Chaos Engineering – Chaos in a productive environment

Ronaldo Sales

Chaos Theory states that a small change at the beginning of any event can have unknown consequences in the future. Who doesn’t know the famous phrase (one version) of the butterfly effect?

“The fluttering of a butterfly’s wings in Brazil could trigger a tornado in Texas.”

BUTTERFLY EFFECT – VIA WIKIPEDIA

Based on this principle, the Chaos Engineering methodology, a concept created and executed by Netflix, as well as other large companies, is based on inserting disturbances in a systemic environment and evaluating its behavior in search of aberrations, weaknesses and unpredictable results (not imagined at non-functional requirements gathering time). In addition, of course, being done in a PRODUCTIVE environment, that’s right, in the environment your customers are using and during business hours.

The methodology is based on some principles:

Build a hypothesis

This hypothesis, despite its name, must be built on the standard behavior of the environment/system. For example, my response times are always below 5s and the error rate is around 1%. Or rather, more business-oriented assumptions: 500 purchases per minute are completed. 1000 proposals are closed per hour.

Vary Real World Events

What would be real world events? Common events that can happen in everyday life, such as a database node crash, a virtual machine crash, network slowdown, and so on. These events must be purposely simulated in the environment.

Run Experiments

Here you need to be creative, think of unusual situations such as opening hundreds of telnet connections on a server, killing a service, unplugging a machine (logging in a little), logging in and out massively and randomly.

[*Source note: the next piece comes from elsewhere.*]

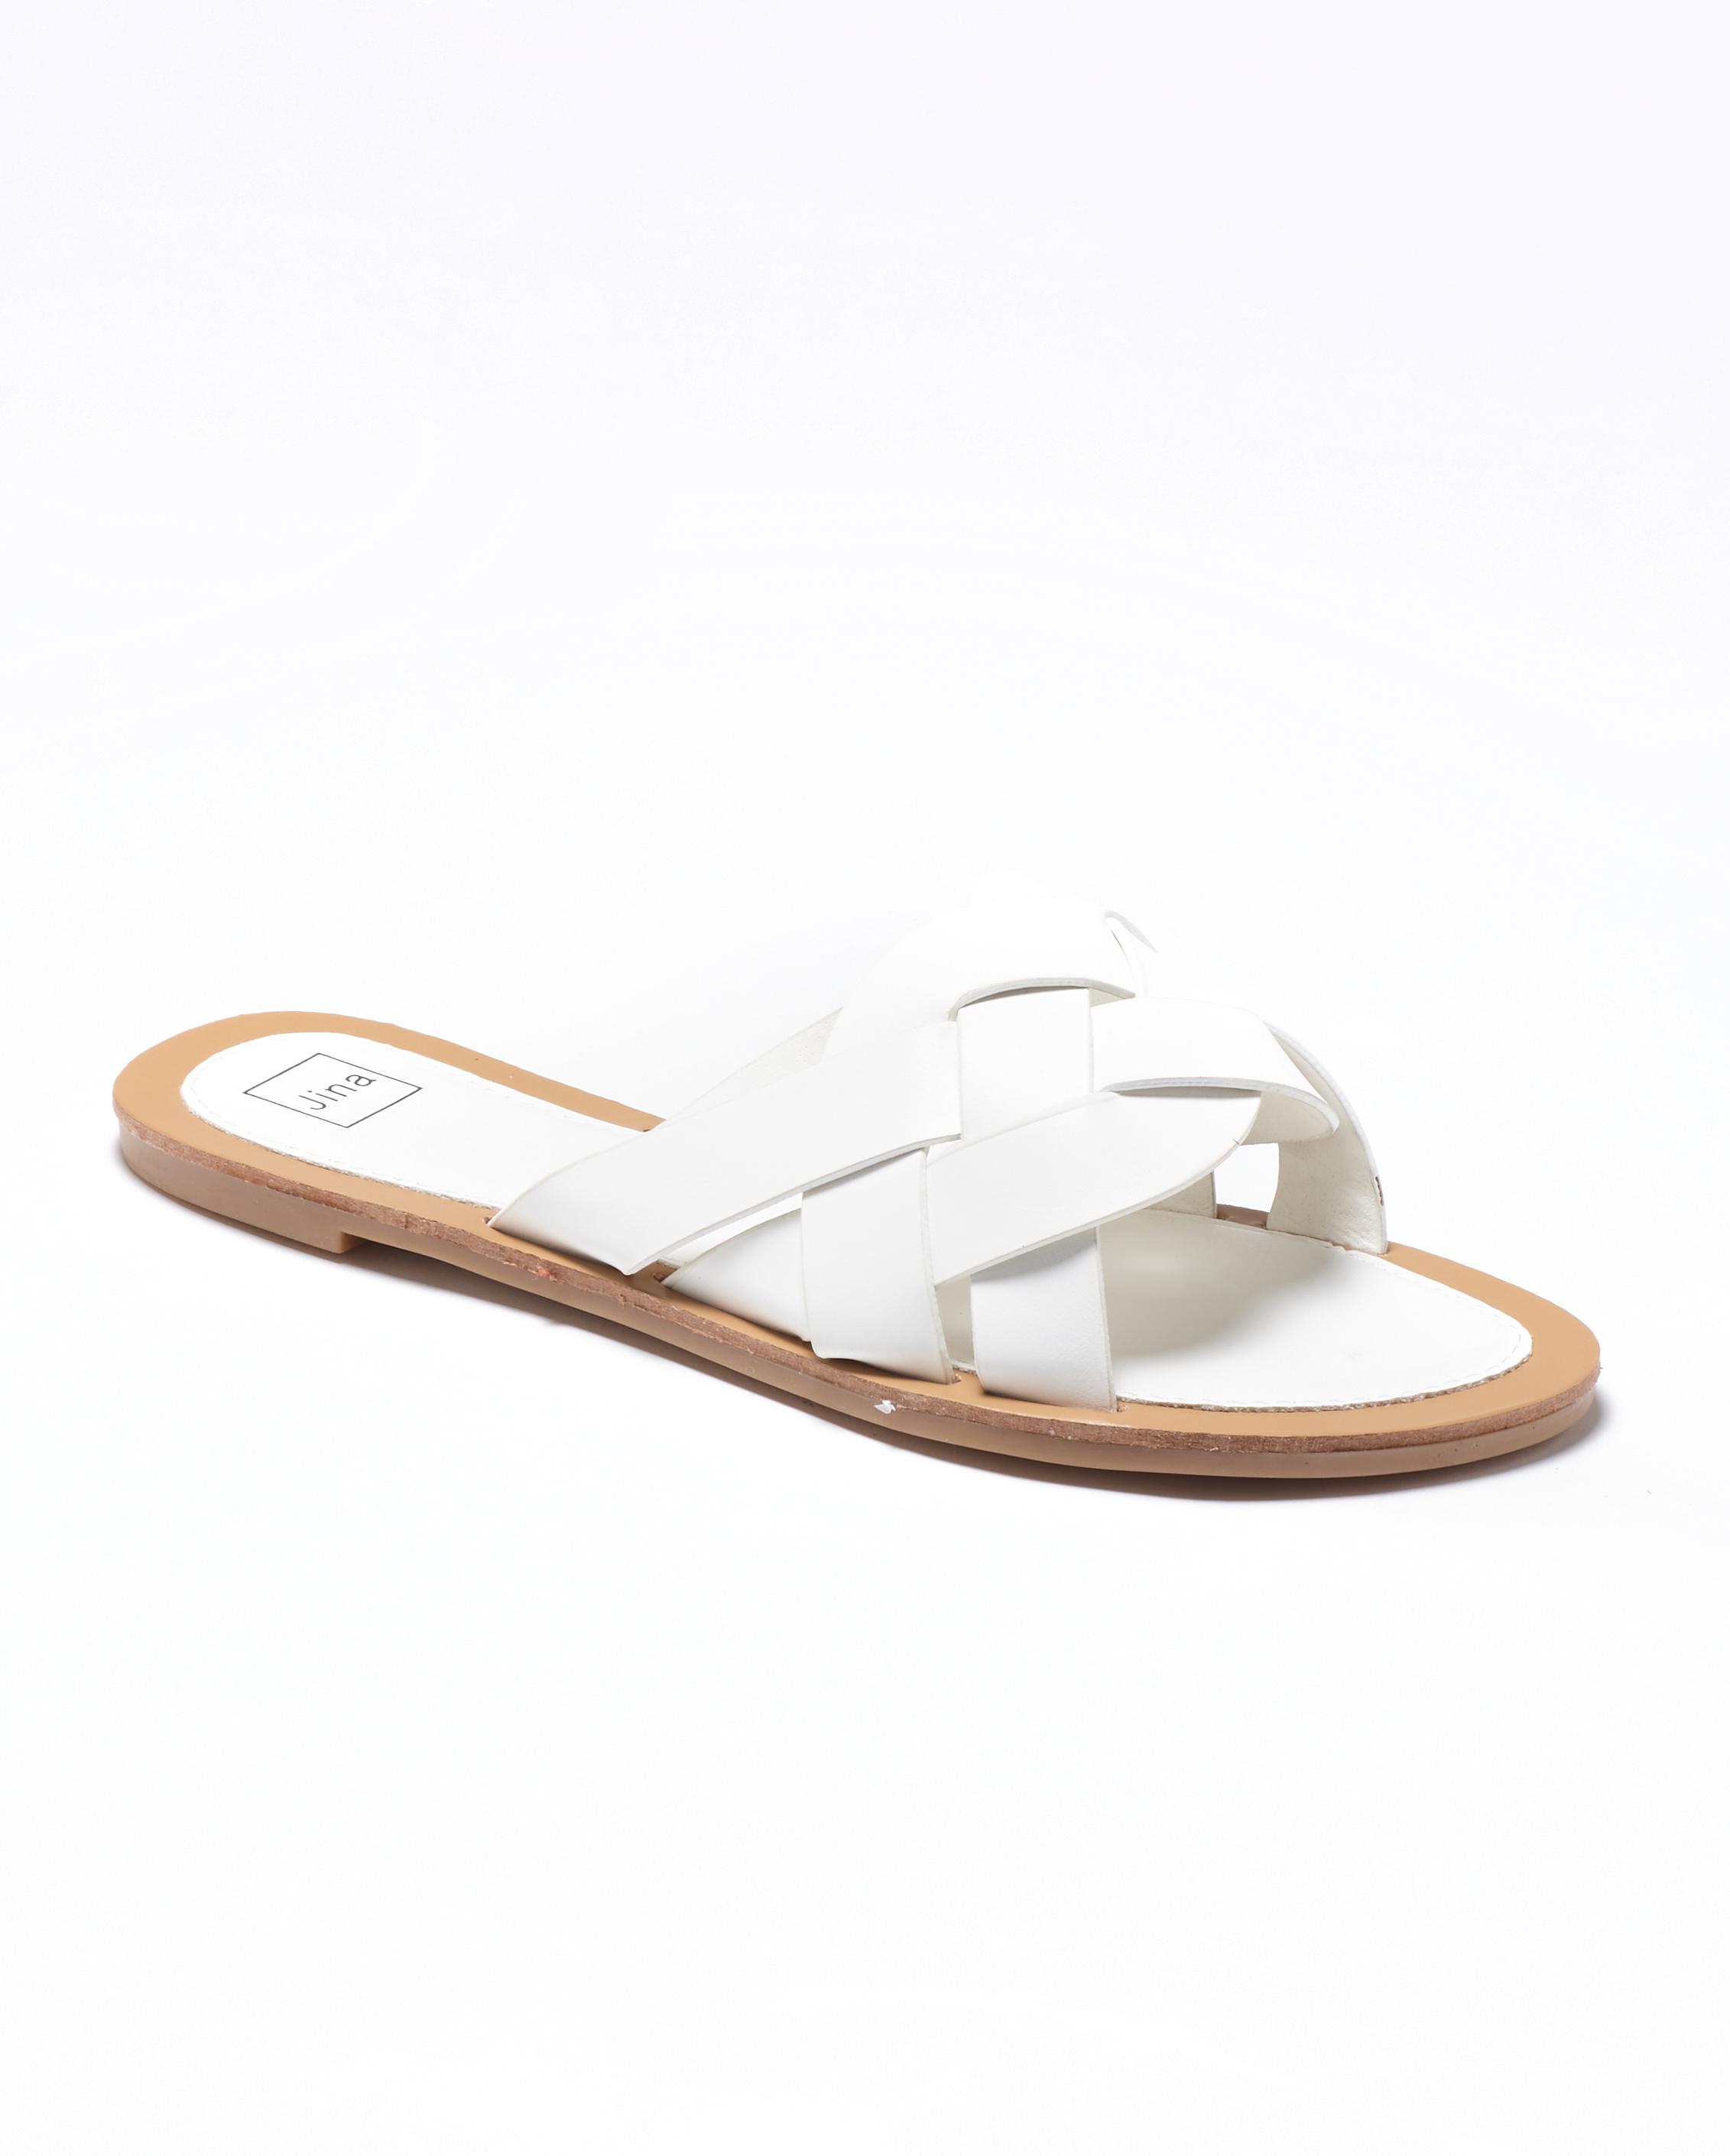 Mules Femme - Mule Plate Blanc Jina - Fs201029-05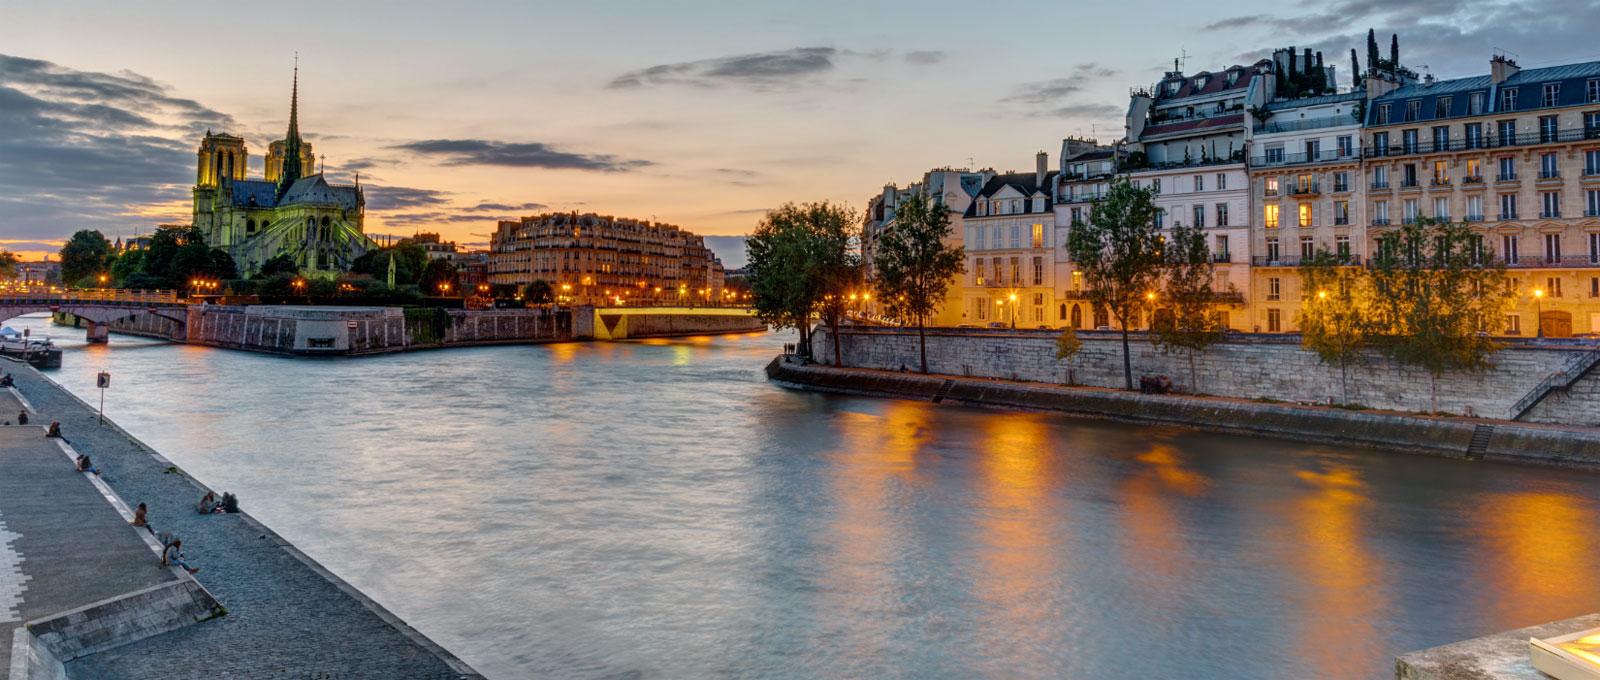 ITSMI education in paris

Automate experiments to run continuously and randomly

Schedule events and experiments to run automatically varying day, time and target.

Minimize negative impacts

It is not an original principle of the methodology, but it must be observed that the customer experience is not affected by generating discomfort, loss of revenue or some other similar impact.

The big question must now be asked: how to apply this concept? should i use Chaos Monkey or some similar application?

For those unfamiliar, Chaos Money is a system that randomly picks one or more virtual machine instances or system and drops it. Of course this is done during business hours, when all the technical professionals are present and can act. So if your business has a well-implemented treadmill, or a very mature Lifecycle process, with and Always testing, shift-left in your team vein, excellent observability of your environment/system (with monitoring, logs, traces, etc), so you can choose to have a system in line with Chaos Monkey. But if this is not the scenario, a Chaos Day can be organized (mobilizing professionals) and outline a Failure Injection Testing strategy, following the principles already listed, and observe the behavior of your environment, identifying the points of failure, the points slowness and points without monitoring/observation coverage (I have used this term because of the English Observability). This should be adjusted accordingly, either to correct an error, optimize slowness or improve observability.

It may seem a little intimidating to run a Chaos Engineering in your environment, but it can provide an increase in the reliability of your production environment. Of course, this should be done in mature environments in the lifecycle of an application/environment, as the main motive is to identify unexpected behaviors, those that have not been raised in mapping non-functional requirements, and perhaps even identify some kind of inconsistency. functional result of purposely injected failures into the environment. If your maturity is not so high you can choose to impute failures at times of low utilization and for a very short period (Minimize negative impacts).

Netflix even simulates a failure of an entire Amazon EC2 region (EC2 is Amazon’s server hosting service, with the region being the geographic division of the service). Besides the already mentioned Chaos Monkey there is also injection of other flaws; This has led all system engineers to increasingly build services/systems that can handle failures no matter which ones. It is a search for resilience, high availability, care for the user experience.

So, let’s break things into production on purpose?

Main reference: Ali Basiri, Niosha Behnam, Ruud de Rooij, Lorin Hochstein, Luke Kosewski, Justin Reynolds, Casey Rosenthal, “Chaos Engineering”, IEEE Software, vol.33, no. 3, pp. 3541, MayJune 2016, DOI:10.1109/MS.2016.60

*By Ronaldo Sales – Bachelor in Computer Science from Unesp Rio Claro, at www.Yaman.com.br is Manager of the SRE & Automation Services Division.